Un mashup Facebook-Google menaçant

Les informaticiens ont montré que les fonctionnalités que de nombreux sites Web exposent aux développeurs, pour leur permettre de créer de puissantes applications Web, peuvent également être combinées de manière potentiellement néfaste.





Une équipe de l'Université de Californie à San Diego a utilisé les interfaces de programmation d'applications (API) de Google et Facebook pour créer un système qui permettrait à une personne de naviguer sur le Web dans l'anonymat. Les chercheurs, qui présenteront les travaux cette semaine Conférence Usenix sur la sécurité à Bellevue, Washington, affirment qu'un tel service pourrait potentiellement permettre aux cyber-escrocs de brouiller les pistes.

Notre intention est de faire reconnaître ce problème par les services, dit Jiaqi Zhang , doctorant en informatique à l'UCSD et membre de l'équipe. Nous espérons que lorsqu'ils verront notre travail, ils essaieront de faire quelque chose pour défendre leurs services afin qu'ils n'en souffrent pas et que d'autres n'en souffrent pas.

D'autres chercheurs ont montré comment une API peut être utilisée de manière non intentionnelle, par exemple pour transformer un compte Gmail en un disque dur en ligne. Mais les chercheurs de l'UCSD sont les premiers à combiner plusieurs services de cette manière.
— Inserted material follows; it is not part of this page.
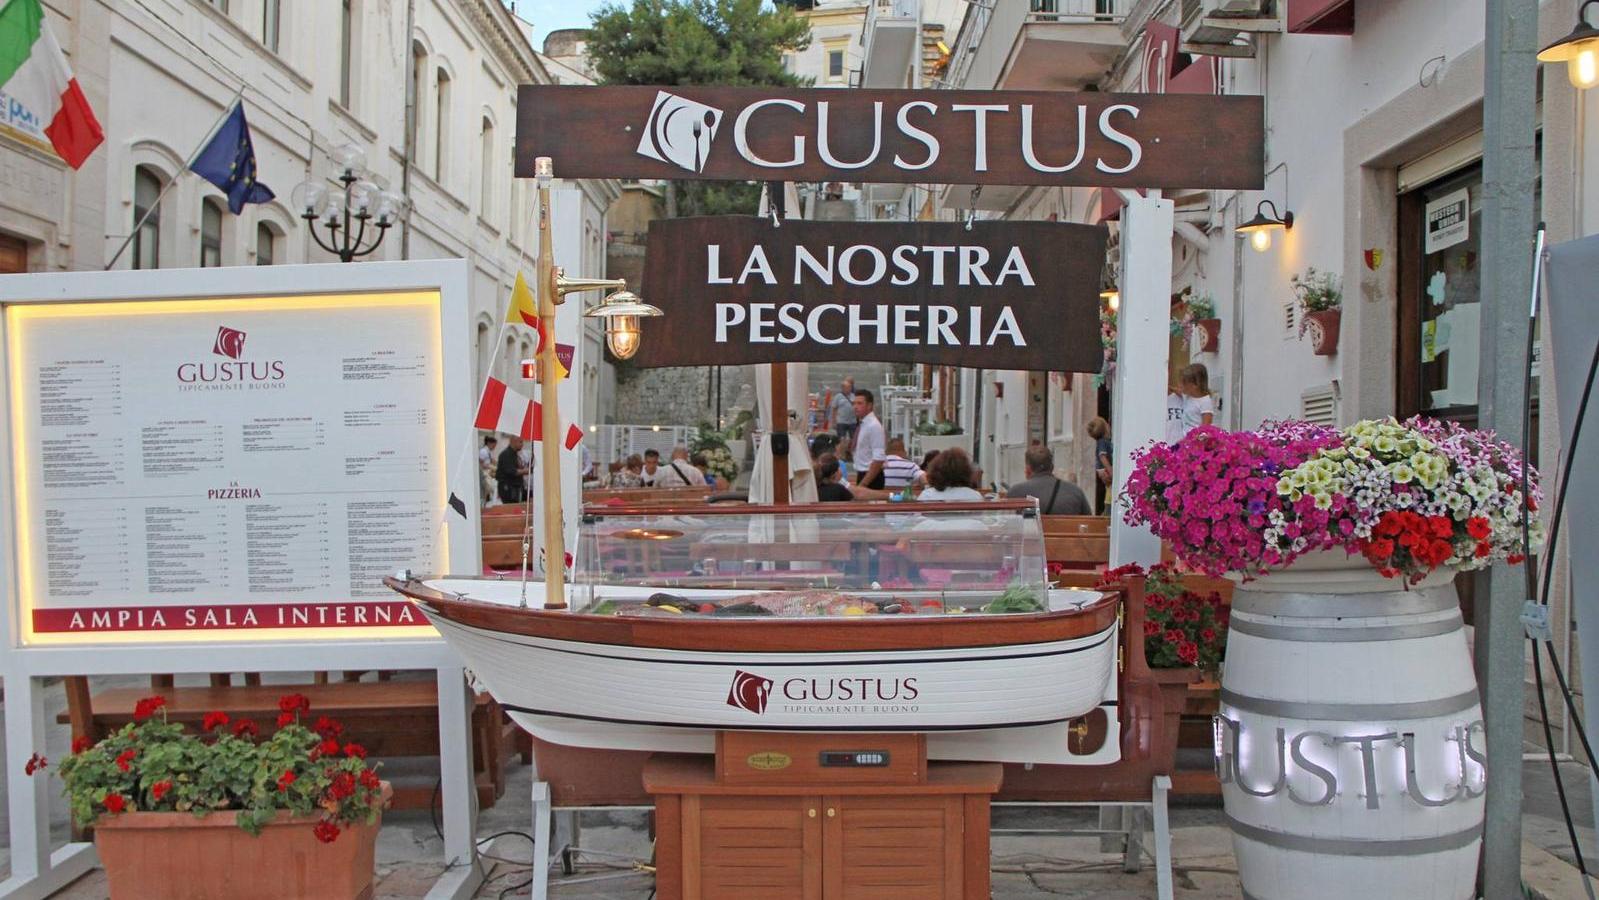 Miglior ristorante a Vieste - Gustus | Localtourism.it

Le service d'anonymisation des chercheurs, appelé CloudProxy, utilise les services Google pour stocker du contenu Web. Quatre comptes Google Docs contenant chacun 10 feuilles de calcul ont été utilisés pour mettre en cache les données ASCII des sites Web. Le contenu non ASCII a été stocké à l'aide d'un autre service Google. Ils ont également utilisé un service Web Facebook pour formater correctement leurs demandes Web et le service de raccourcissement d'URL de Google pour créer des demandes qui pourraient facilement être intégrées aux autres services Web.

Les chercheurs ont testé le service en chargeant une variété de contenus à partir de divers sites Web, puis en utilisant un programme de capture réseau, WireShark, pour confirmer qu'aucune information d'identification ne pouvait être glanée à partir des demandes.

Mike Geide, chercheur principal en sécurité pour le fournisseur de sécurité Web Zscaler , affirme que la technique pourrait être particulièrement pernicieuse car de nombreuses technologies de sécurité Web dépendent de l'identification des mauvais sites Web et de leur blocage. Personne ne bloquerait le trafic de Google ou de Facebook, note-t-il.

Ce que vous demandez à la fin de la journée, c'est de déterminer l'intention de l'activité, dit-il. Google doit parler à Facebook, car c'est ainsi que fonctionne le Web. Alors, comment déterminez-vous l'intention de ces demandes ?

Accorder l'anonymat aux internautes n'est qu'un scénario possible. Zhang de l'UCSD ajoute que Google, Facebook et d'autres services Web pourraient considérablement amplifier l'impact d'une attaque, aidant peut-être à mettre hors ligne un site Web ou un serveur informatique cible lors d'une attaque par déni de service. Google a beaucoup de ressources et de bande passante, donc si un pirate peut utiliser un service Google, il n'a pas besoin de créer un réseau zombie, il peut simplement utiliser Google pour lancer une attaque par déni de service, explique Zhang.

Cependant, Mark O'Neill, directeur de la technologie du fournisseur de sécurité cloud Avantage , affirme que les fournisseurs de services Web devraient être en mesure de mettre en place des défenses pour rendre leurs API plus difficiles à abuser. En examinant les modèles d'utilisation, dit-il, un service pourrait détecter les utilisateurs essayant d'exploiter les API de nouvelles manières.